(DATA SOURCE: National Museum of American History, Kenneth E. Behring Center)
MARKS: Crossed swords in underglaze blue; “H” in overglaze iron-red (painter’s mark); “22” impressed.
PURCHASED FROM: S. Berges, New York, 1948.
These plates are from the Smithsonian’s Hans Syz Collection of Meissen Porcelain. Dr. Syz (1894-1991) began his collection in the early years of World War II, when he purchased eighteenth-century Meissen table wares from the Art Exchange run by the New York dealer Adolf Beckhardt (1889-1962). Dr. Syz, a Swiss immigrant to the United States, collected Meissen porcelain while engaged in a professional career in psychiatry and the research of human behavior. He believed that cultural artifacts have an important role to play in enhancing our awareness and understanding of human creativity and its communication among peoples. His collection grew to represent this conviction.
The invention of Meissen porcelain, declared over three hundred years ago early in 1709, was a collective achievement that represents an early modern precursor to industrial chemistry and materials science. The porcelains we see in our museum collections, made in the small town of Meissen in the German States, were the result of an intense period of empirical research. Generally associated with artistic achievement of a high order, Meissen porcelain was also a technological achievement in the development of inorganic, non-metallic materials.
The two soup plates come from a dinner service designed with a raised pattern. In the reserves the paintings in overglaze enamel of birds perched on branches were likely based on hand-colored plates from Eleazar Albin’s (1713-1759) two volume work A Natural History of Birds, first published in London in 1731, and a second edition in 1738. The Meissen manufactory had a copy of the work that Albin completed with his daughter Elizabeth.
The specialist bird painters (Vogelmaler) at Meissen were low in number compared to the flower painters, but the term “color painter” (Buntmaler) was a fluid term indicating that painters moved from one category to another as demand required, especially for flower, fruit and bird subjects.

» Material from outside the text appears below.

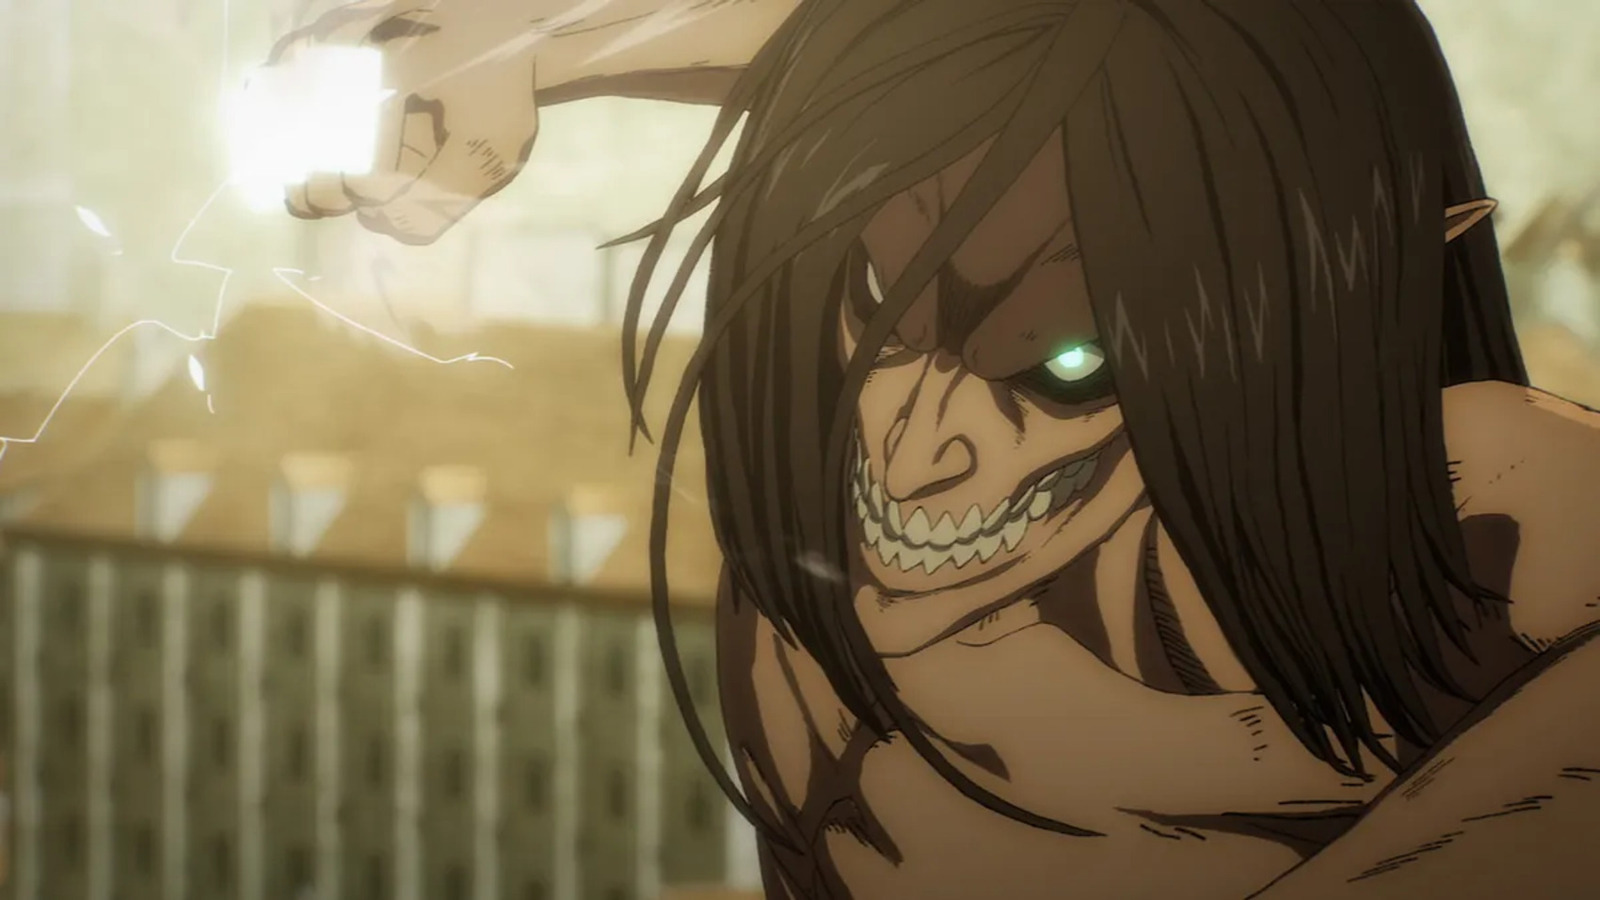 Attack on Titan' manga series concludes run of almost 12 years

The gold rim lines were painted by a specialist in gold decoration.
Production of a dinner service was a large undertaking as the conventions of eighteenth-century dining followed the French style in which guests were offered a wide choice of dishes served at the table in three or more courses. Depending on social status the table might have included silver or gold plate on which to present the dishes, supplemented by a porcelain service for individual place settings. The visual climax of the dinner was the dessert, the course in which specially designed vessels in porcelain and glass supported artfully placed fruits, sweetmeats, jellies and creams, and for which the confectioners created elaborate table decorations in sugar that were later replaced by porcelain figures and centerpieces. These soup plates belong to a service intended for less grand occasions produced for the table in aristocratic households or for wealthy middle-class buyers.
On the Meissen dinner services and table decorations see Ulrich Pietsch “Famous Eighteenth-Century Meissen Dinner Services” and Maureen Cassidy-Geiger “”The Hof-Conditorey in Dresden” in Pietsch, U., Banz, C., 2010, Triumph of the Blue Swords: Meissen Porcelain for Aristocracy and Bourgoisie 1710-1815, pp. 94-105; 120-131.
Hans Syz, J. Jefferson Miller II, Rainer Rückert, 1979, Catalogue of the Hans Syz Collection: Meissen Porcelain and Hausmalerei, pp. 412-413.